L’âge moyen des conseillers interrogés est demeuré autour de 51 ans sur cette période de dix ans.
Une mentalité qui a évolué
Ce qui a évolué, c’est la façon de penser des conseillers et la manière dont les entreprises prennent désormais des mesures proactives pour éviter le risque de se retrouver avec des clients orphelins. « De plus en plus de conseillers reconnaissent la nécessité de protéger leurs clients et leurs activités, tandis que les entreprises encouragent également les conseillers à se préparer pour l’avenir », explique Katie Keir, responsable de la recherche chez IE.
« Les conseillers ont des plans plus ou moins détaillés, constate-t-elle. Cependant, même parmi ceux qui ont déclaré ne pas avoir encore de plan officiel, nombreux sont ceux qui ont indiqué qu’ils cherchaient à entrer en contact avec un repreneur et/ou avaient commencé à élaborer une stratégie de sortie. D’autres ont dû revoir leurs plans en raison d’événements imprévus. »
Le résultat des recherches dirigées par Katie Keir montre que « chaque année, de plus en plus de dirigeants vantent les avantages du travail d’équipe et de l’apprentissage entre pairs, et demandent à mieux comprendre les défis auxquels sont confrontés les conseillers en matière de succession. » Il reste toutefois difficile de déterminer la meilleure façon pour les entreprises d’atteindre les conseillers qui ne se sont pas encore engagés dans cette voie.

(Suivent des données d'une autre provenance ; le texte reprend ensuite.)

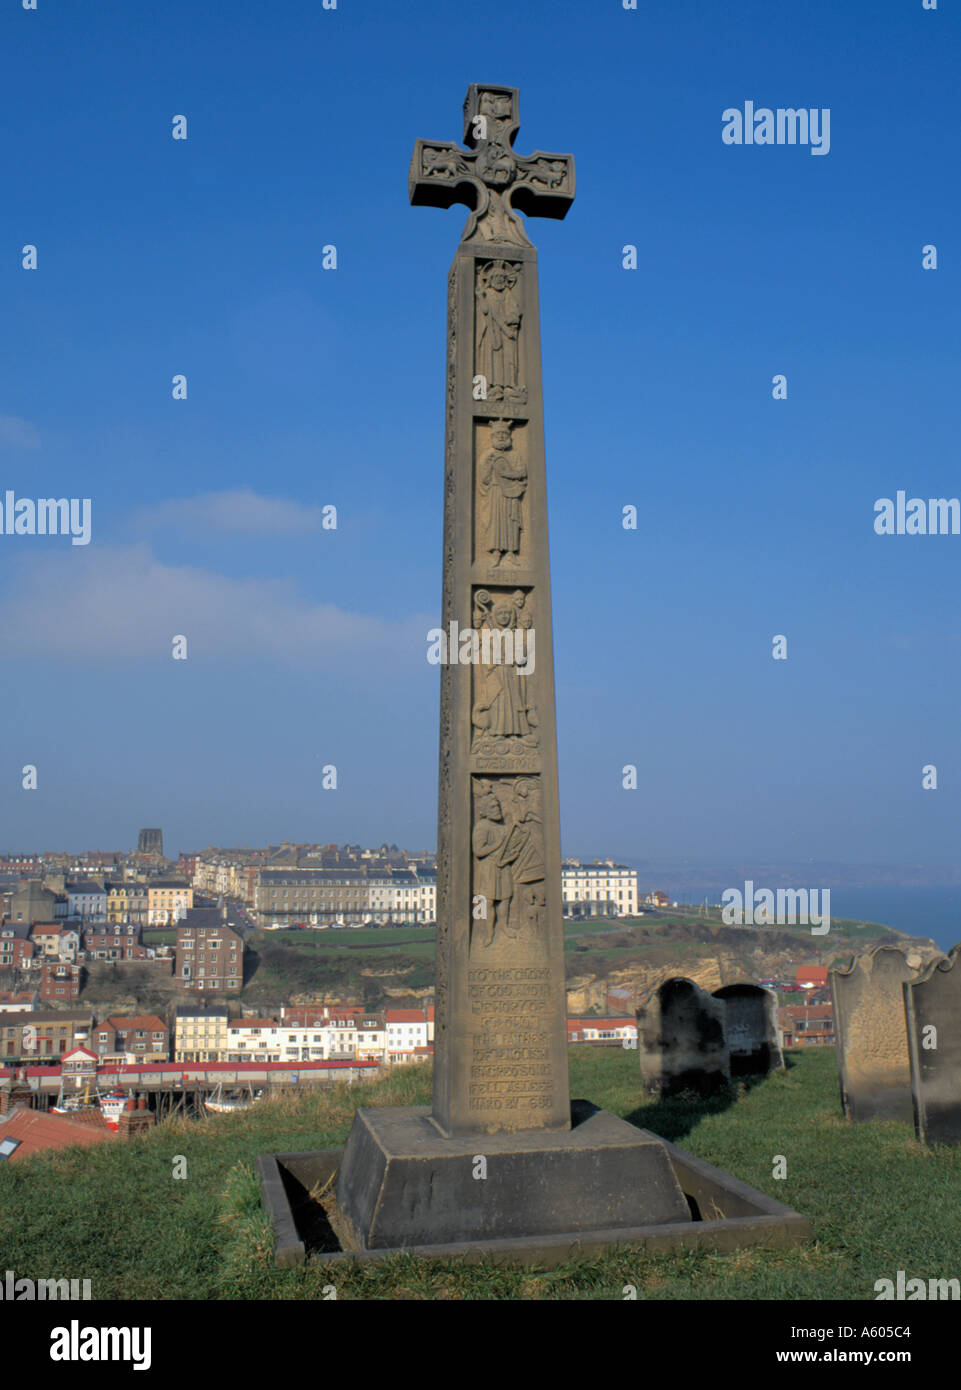 The cross in memory of Caedmon, St Mary's Churchyard, Whitby, North Yorkshire, England, UK. Stock Photo

Des progrès, mais encore trop peu de plans
Christine Timms, conseillère à la retraite qui a rédigé plusieurs manuels à l’intention des conseillers, notamment Transitioning Clients et Retirement Exit Decision, estime que le fait que de plus en plus de conseillers élaborent des plans de succession est une bonne nouvelle, mais que la proportion de conseillers ayant un plan au Canada « reste insuffisante ». (Aucune source externe n’a eu accès aux résultats spécifiques de la recherche d’IE, car ceux-ci sont confidentiels jusqu’à leur publication).
« Même si vous avez 40 ans, vous pouvez être renversé par un bus ou avoir une crise cardiaque, et tout le monde se retrouvera dans une situation difficile, résume-t-elle. Les chiffres doivent donc être meilleurs. »
L’étude de cette année montre que les conseillers âgés de 40 ans et moins étaient moins proactifs que leurs pairs :
- seulement 31,7 % des conseillers de 40 ans et moins ont un plan de relève documenté,
- contre 56,3 % chez les 41 ans et plus,
- et plus de 60 % chez les conseillers de 60 ans et plus.
Néanmoins, tous ces résultats sont supérieurs à ceux enregistrés il y a dix ans. Selon les données de 2015 relatifs aux courtiers et aux négociants, même les conseillers âgés de 60 ans et plus avaient beaucoup à faire pour améliorer la situation, seuls 38,1 % d’entre eux ayant déclaré avoir un plan formel.
Rétrospective et perspectives
Lorsqu’elle a pris sa retraite en 2016, Christine Timms rapporte que son cabinet disposait d’un modèle de contrat de plan de succession et d’un processus de calcul approximatif pour estimer la valeur d’un cabinet, qu’elle a qualifié de « très utile ».
Cependant, elle aurait souhaité que le cabinet soit en mesure de fournir une image plus précise de la clientèle qu’elle accompagnait. Au début de sa carrière, elle avait déjà pris les devants en créant son propre système de classement des clients en fonction de la taille du ménage, des actifs, des revenus et de l’âge.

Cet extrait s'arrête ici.